ホーム | 日系社会ニュース | パラナ州連合会総会=折笠会長が1年のみ続投=2年後、創立50周年見据え=「日本人の心持つ後任育てる」
続投が決まった折笠会長
続投が決まった折笠会長

パラナ州連合会総会=折笠会長が1年のみ続投=2年後、創立50周年見据え=「日本人の心持つ後任育てる」

 パラナ州の連合会「リーガ・アリアンサ」(折笠リカルド会長)の第48回定期総会が1月31日午前、ロンドリーナ市の同会館で開かれた。総会前には役員改選で、折笠会長の続投を希望する声、新会長に立候補しそうな人物も噂されたが、当日の議論の結果、2年後の創立50周年の節目を見据えて、現会長が変則的に1年間のみ続投することに決まった。

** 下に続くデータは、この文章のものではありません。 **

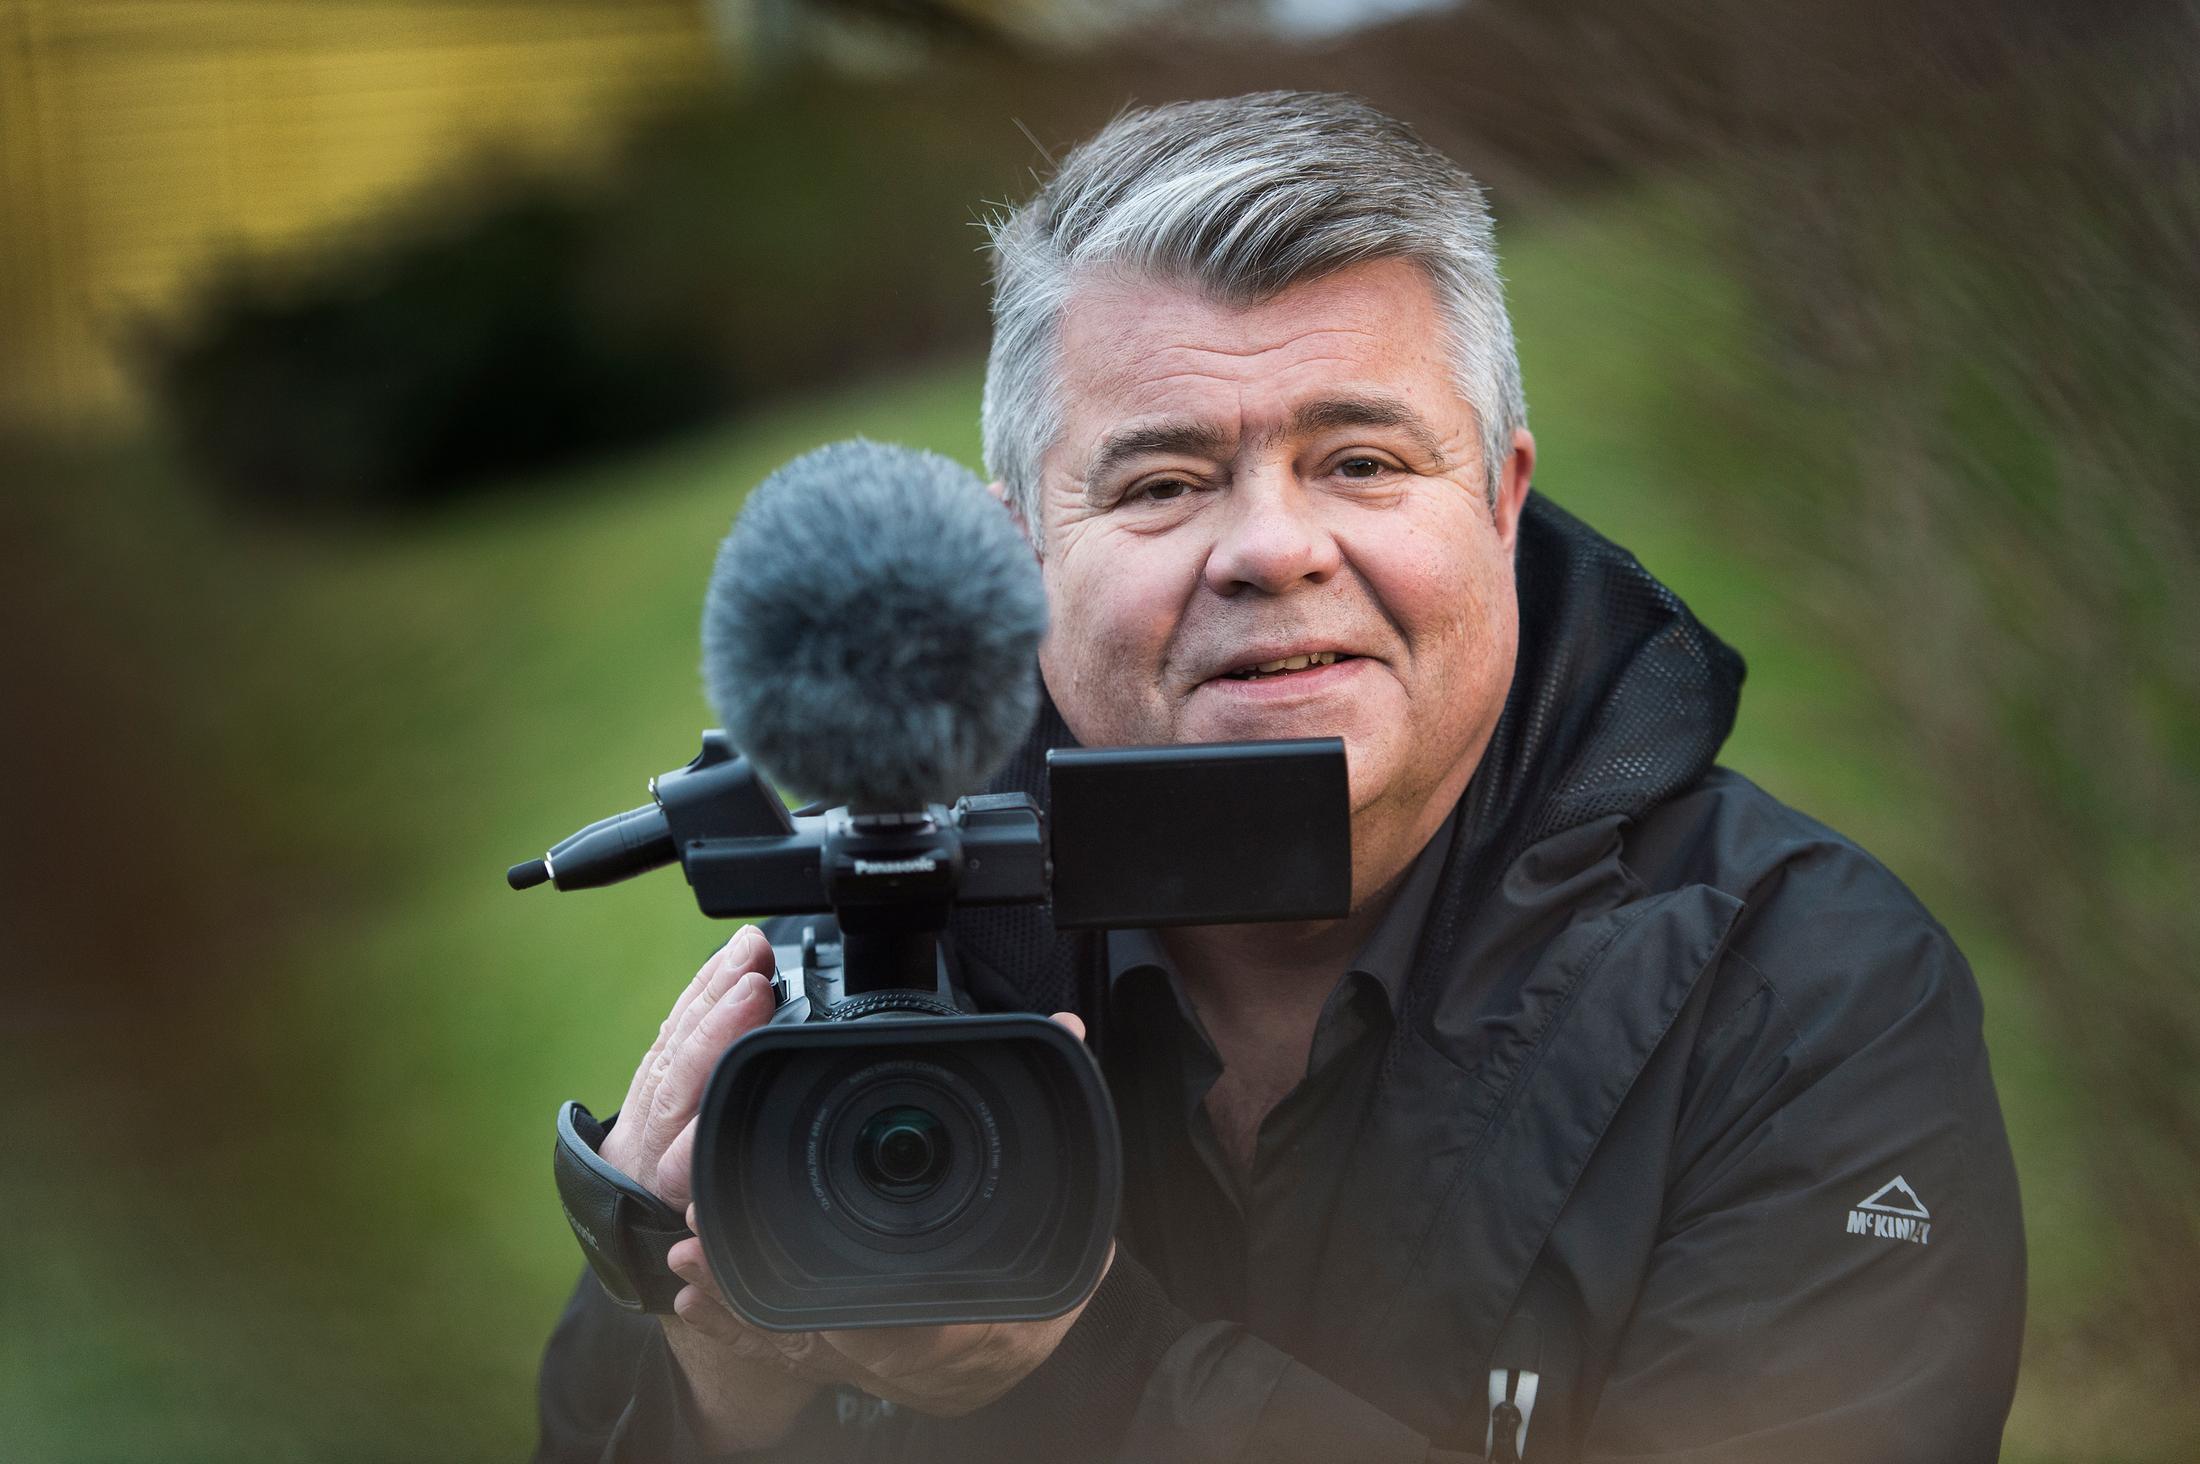 Henrik Pettersson

 傘下64支部の内、委任状合わせ45支部から、全部で約160人が出席した。来賓には在クリチーバ総領事代理として岩戸孝広領事、西森ルイス連邦下議らが立ち会った。
 パラナでは昨年、日伯外交樹立120周年、パラナ入植百周年、兵庫・パラナ姉妹州県の締結45周年という三つの節目を同時に迎えた。3月にこれらの開幕式が梅田邦夫大使、ベット・リッシャ州知事ら臨席の元、州都で開催された。
 6月の移民の日前後には、例年ローランジアで行われている開拓先亡者慰霊祭に加え、州最初の入植地カンバラでも特別に入植100周年記念慰霊祭を行なった。
 8月には井戸敏三・兵庫県知事がパラナ州を訪問。姉妹州県の締結45周年も祝賀した。経済不況などにより、頼りにしていた連邦議員割り当て金がゼロとなりながらも、各種の記念行事を成功させた。
 岩戸領事は三つの式典へ感謝を示しつつ、「記念事業のハイライトとして秋篠宮ご夫妻の来伯が実現した。両国関係の友好化を確信する。今年もパラナを取りまとめるアリアンサの役員、会員らのご多幸をお祈りします」との言葉を送った。
 2期4年を終えた折笠会長は、「1年目は何も分からないまま、2年目から支部回りをして事情を深く知るように努めた。先輩から『借金するな』との助言を頂きながら、あっという間の4年間だった」と振り返った。
 引き続き議題は役員改選へ。折笠会長は本紙に対し、「あらかじめ退任を決めていたが、昨年11月から続投要請があった。当日は95%の支部長から支持され、1年間だけという条件で引き受けた」と経緯を説明。「最後に後任を育てる任務が残っている。年代や何世か問わず、日本人の心を引き継いだ人間を後継にしたい」と語った。来年の総会で再び議論される。
 7日には役員会が行なわれ、新体制が正式に発足する。2年後の2018年にはリーガ・アリアンサ創立50周年、移民110周年を同時に迎える。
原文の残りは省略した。